Making porn illegal is analogous to giving people welfare, which discourages them from learning new skills to get into the work force. They become dependent on government and do not know how to work. Similarly, what I call “spiritual welfare”, like regulating porn, would cause people to become dependent on government in deciding what things on TV and the Internet are good for them, or not. It destroys the capacity in the population at large to think and reason these things out for themselves, and it makes them dependent on government.

Additionally, some stuff that might be considered “pornography” by the more puritanical conservatives might have beneficial uses. “Soft core porn” or “erotica” might have its place. For instance, a long-married couple might legitimately watch it to “spice up” their sex life -I don’t know for sure. Each individual can make up his or her own mind on where they want to draw the line on what they want to watch, and what they want to participate in, when it comes to sex. (They can also live with whatever consequences that come from that.) As an egoist, I am not primarily concerned with how others live their lives. If I don’t like it, I can just not associate with them. To me, being promiscuous is more like being a smoker. I think it’s probably unhealthy, but I don’t disassociate with someone just because they smoke. As long as they do that part of their life separate from our friendship or association, I’ll simply ignore it.

I Don’t Care About Your Kids

Maybe a decade and a half ago, a friend’s wife was having a baby. Another friend wanted to go to the hospital to see it. I couldn’t understand why they would want to do that. I thought it sounded like the most boring thing to do in the world.Having a child isn’t really much of an accomplishment. Lots of idiots do it every year.

Properly raising a child is an accomplishment, but why would I want to hear about that, either?

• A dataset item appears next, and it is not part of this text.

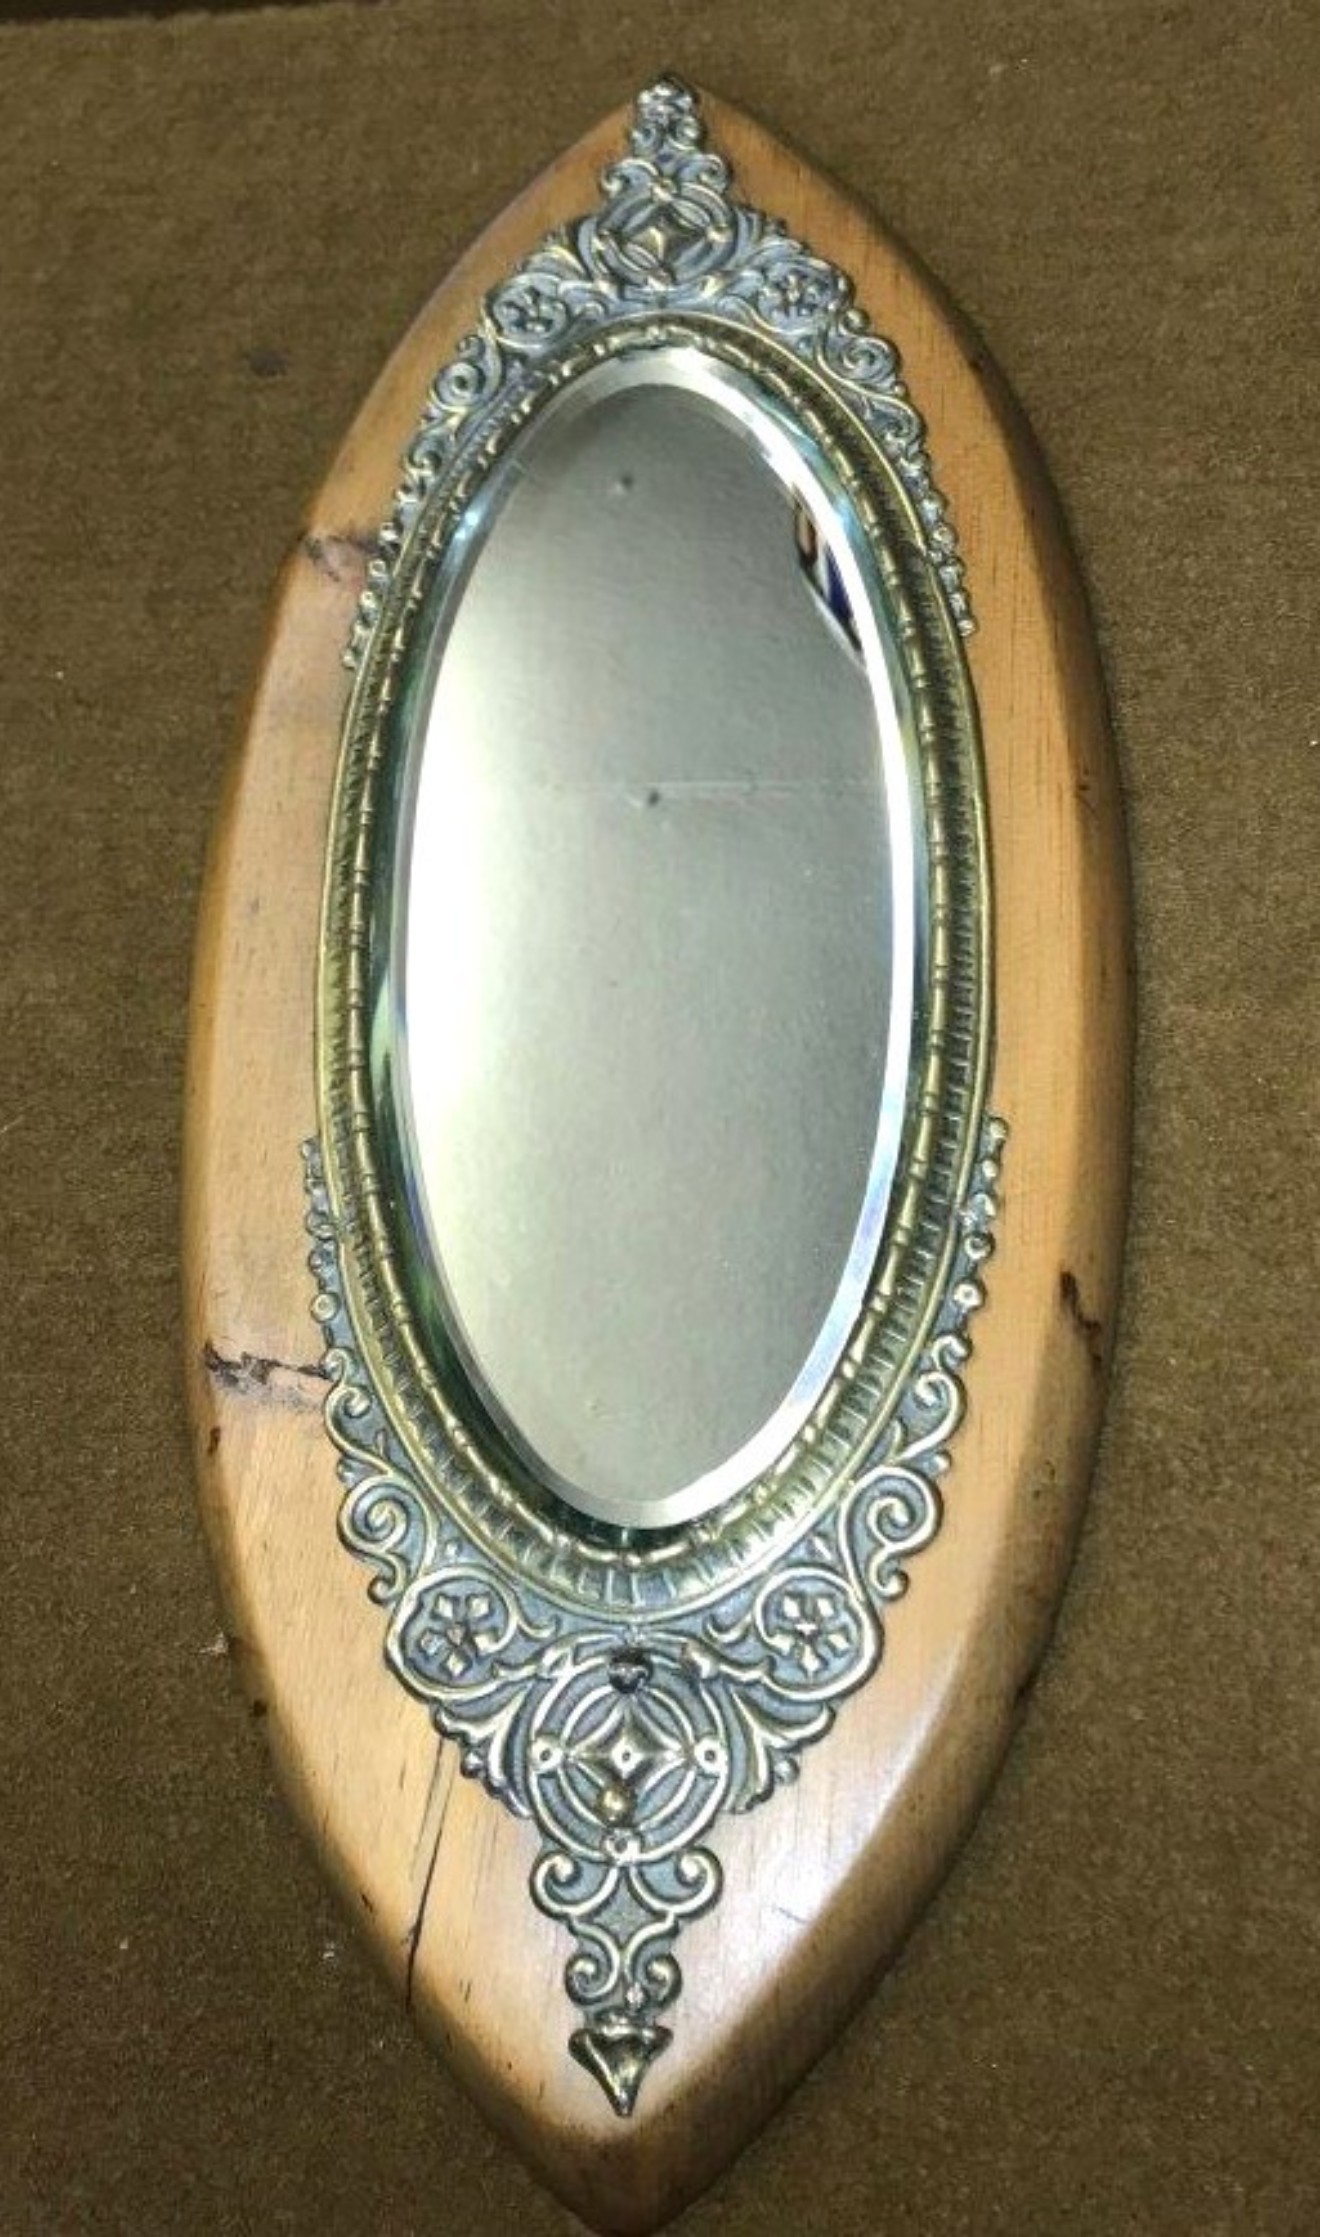 Victorian Oval Bevelled Edge Mirror Wooden Frame with Brass Repousse Trim

In my mind, it’s just baseline, expected, behavior that you will be a responsible parent. You want a medal for doing something you undertook the obligation for when you decided to have kids? The child ultimately makes their own decisions, anyway. You can create a good environment, but if your child graduates high school and doesn’t end up in prison before they’re 18, that’s mostly because of their choices, not yours.

I’m not particularly interested in someone’s pet, car, or house, either. I’m sure those things are all great for them too, but how does that serve my self-interest? (Answer: It doesn’t)

If I had children, would I care about them? Of course, because they’d be mine. I’d have a personal, selfish interest in them. But, I would hope I’d have the decency not to bore others with talk about them.

If I had children, then talking about parenting tips, and, incidentally, about my children with others who have children might make sense, but I doubt it. I’d just get a book or watch YouTube videos from experts, then make up my own mind about how to raise them.

Since I don’t care about other people’s children, I usually am told their names and promptly forget them. Why would I want to talk to a kid? What could they possibly say that’s interesting? Come back in 20 years when they’ve at least got a baseline of education and brain development to maybe have something worth saying. Until then, I prefer the old saying that children are to be seen, but not heard. (And, I’d really prefer not to see them too much.)

I’m sure some will say I’m ‘awful’ for writing this, but deep down, you know you don’t care about other people’s kids either. I’m just willing to say it.